College dorms transformed into covid concentration camps as students are starved in “quarantine”

fema camp

Ethan Huff

Newstarget

 

The mother of an Ohio University student who was forced to quarantine on-campus after testing “positive” for the Wuhan coronavirus (Covid-19) despite showing no symptoms is blowing the whistle about how her son was abused like a prisoner.

According to Margo Seybolt, her son Emanuel was locked inside of a cold covid dorm facility for three days at the start of the semester. While in there, he was deprived of food and exposed to actual sick people with symptoms.

One evening, Emanuel ordered food at 6:43 p.m. and it never arrived. He says he had to wait until the next day to eat, all the while being forced to listen to his dormmate cough as well as “banging noises below him.”

Seybolt voiced her concerns to Ohio University’s Special Assistant to the President for Public Health Operations Gillian Ice, who responded, saying Emanuel was apparently treated appropriately, according to the state’s standards.

“The established protocols at Ohio University are in accordance with the Ohio Department of Health and designed to keep the campus as safe as possible,” Ice wrote in her response letter to Seybolt. “I regret that this has been an inconvenience for him.”

Why are parents allowing their students to be treated like concentration camp prisoners?
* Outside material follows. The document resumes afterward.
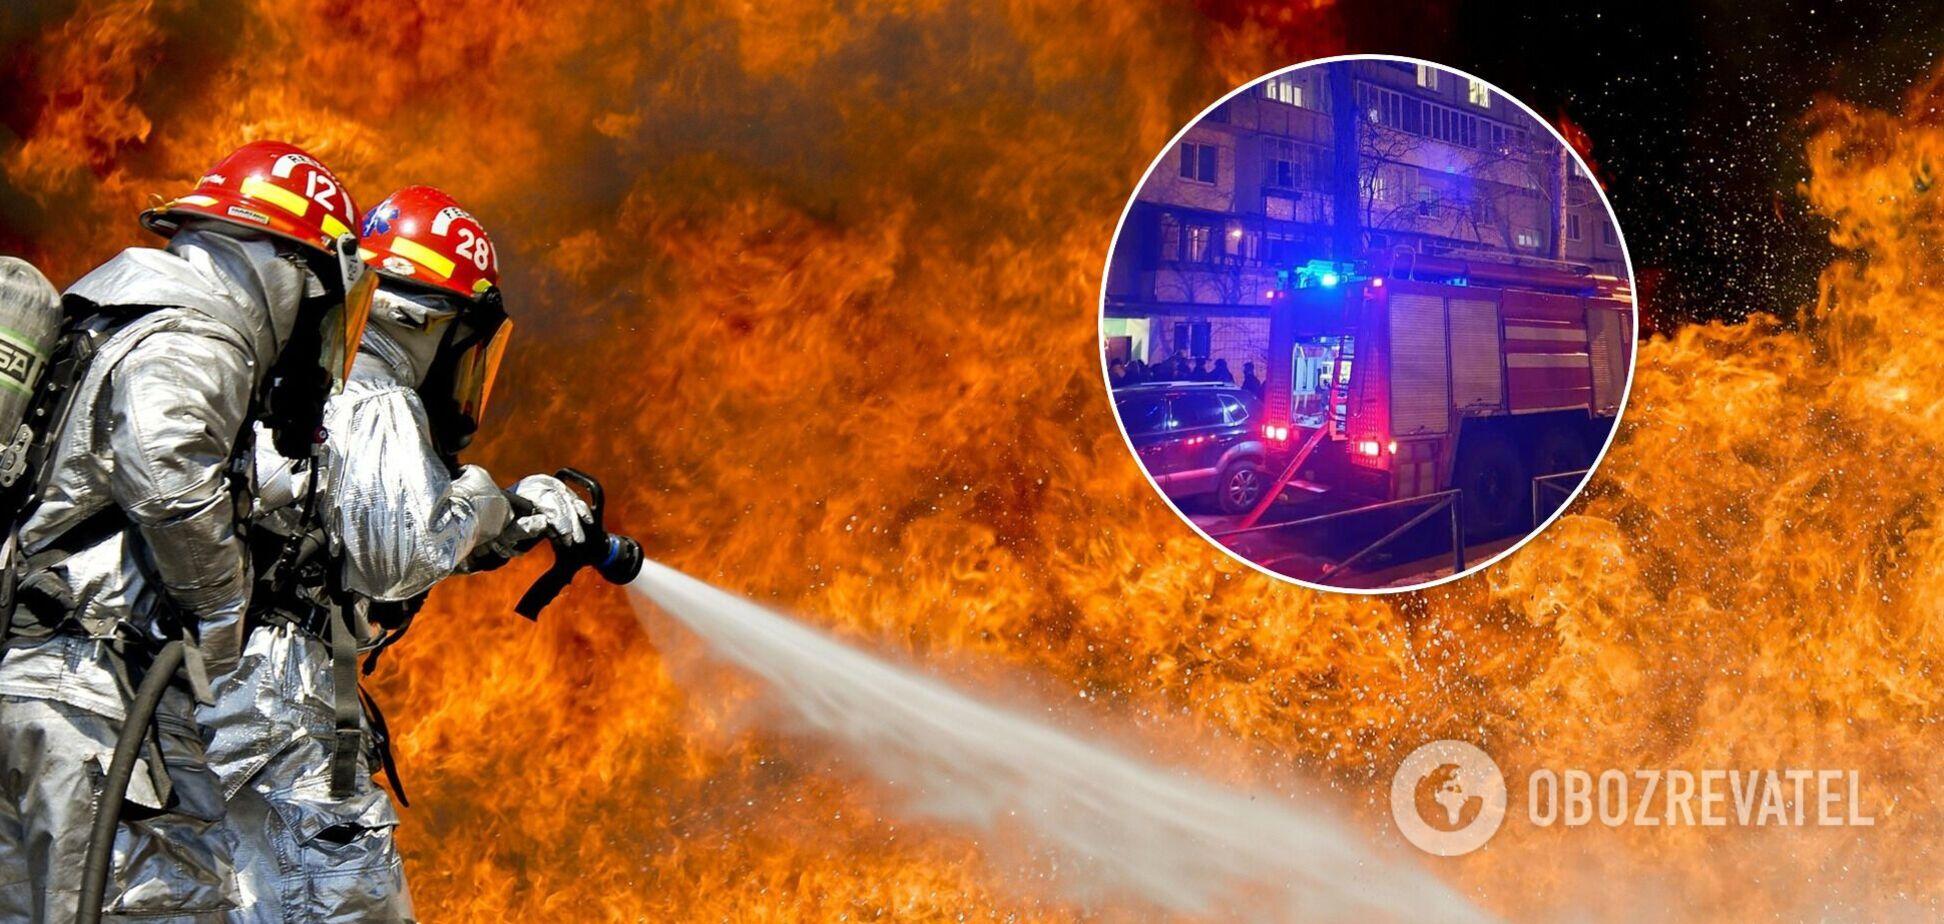 У багатоповерхівці Києва сталася потужна пожежа, є постраждалі. Фото та відео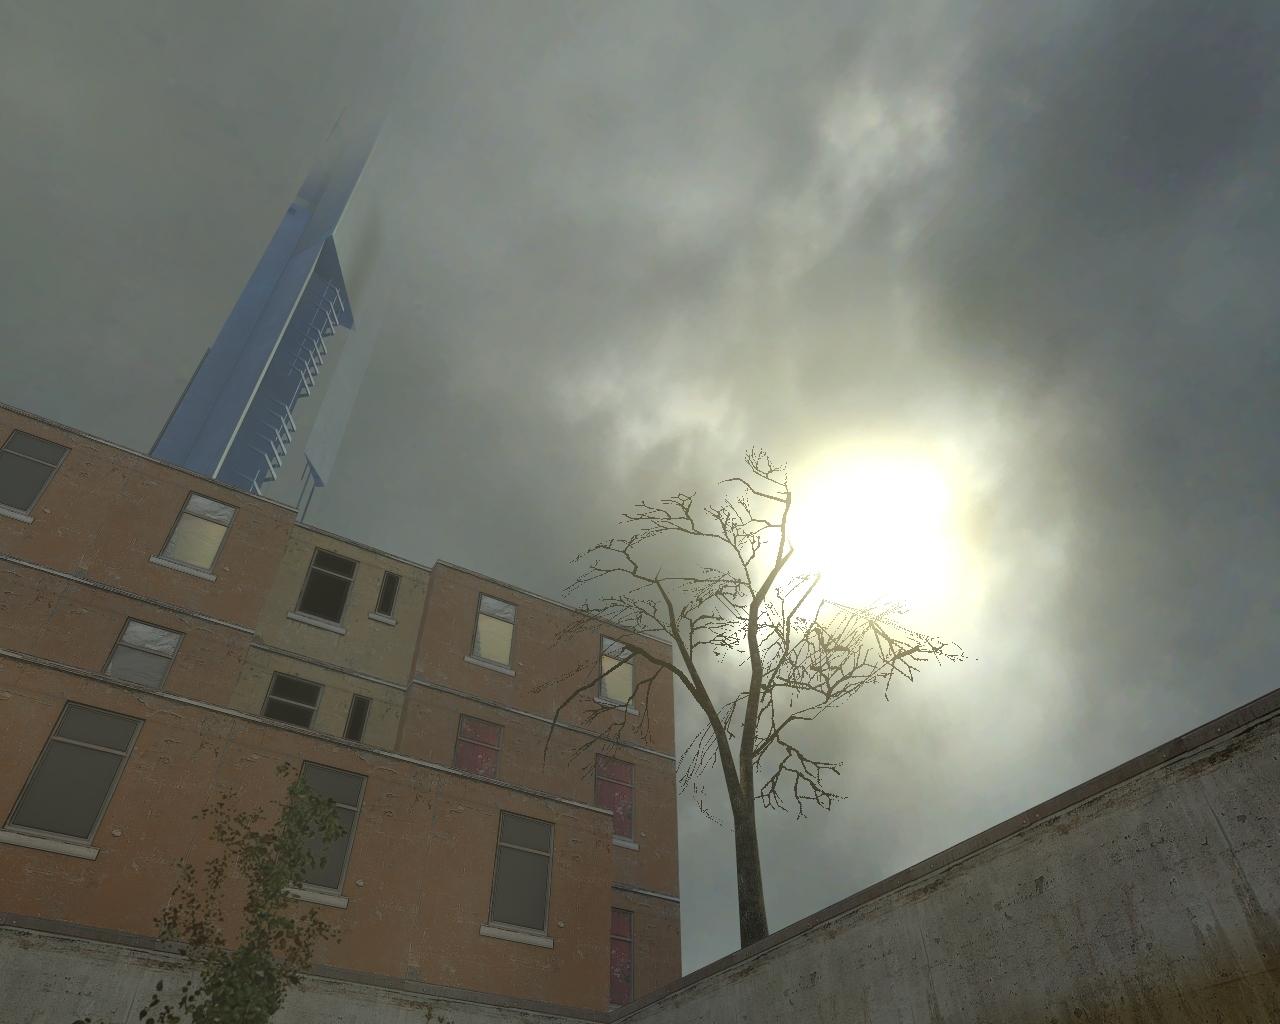 d3_c17_06a0014.jpg - Half-Life 2

Ohio University earlier mandated that all students who reside in university housing take a Fauci Flu test prior to returning to campus this semester. Those who tested positive were forced into quarantine, where they were not allowed to leave their rooms except for approved activities like doing laundry or getting tested. 

 

Students were allowed to order food from either Instacart or Doordash during their time in covid prison, or from the school’s Culinary Service department form. The problem is that not everyone got what they ordered.

“I didn’t get any food or anything,” Emanuel told Campus Reform. “I was worried, like, what if this keeps happening?”

While Emanuel did bring snacks with him into the dorm upon arrival, he says he had no idea how long his quarantine would last. It turns out that his lasted three days, but others may have been confined for even longer.

The morning after Emanuel ordered his food and it finally arrived, he was delivered “two bottles of water and one Gatorade” as if he was sick, when he was not.

“He is saying he is hungry, isolated, cold, tired of hearing the person next to him coughing and the banging noises below him,” Seybolt’s email to the school read.

Other complaints aired by Seybolt included low temperatures, inadequate bedding, shared bathrooms with sick people and loud noises all around the dorm building.

“Sick people have to share a bathroom. People who aren’t sick have to share a bathroom with people who are sick,” Seybolt added. “I feel so bad for students who go there and feel sick. This is mental and physical abuse.”

Emanuel also recalled arriving at his facility and seeing the blankets lying there, but having no idea just how cold the room would get, which he described as being around 60 degrees.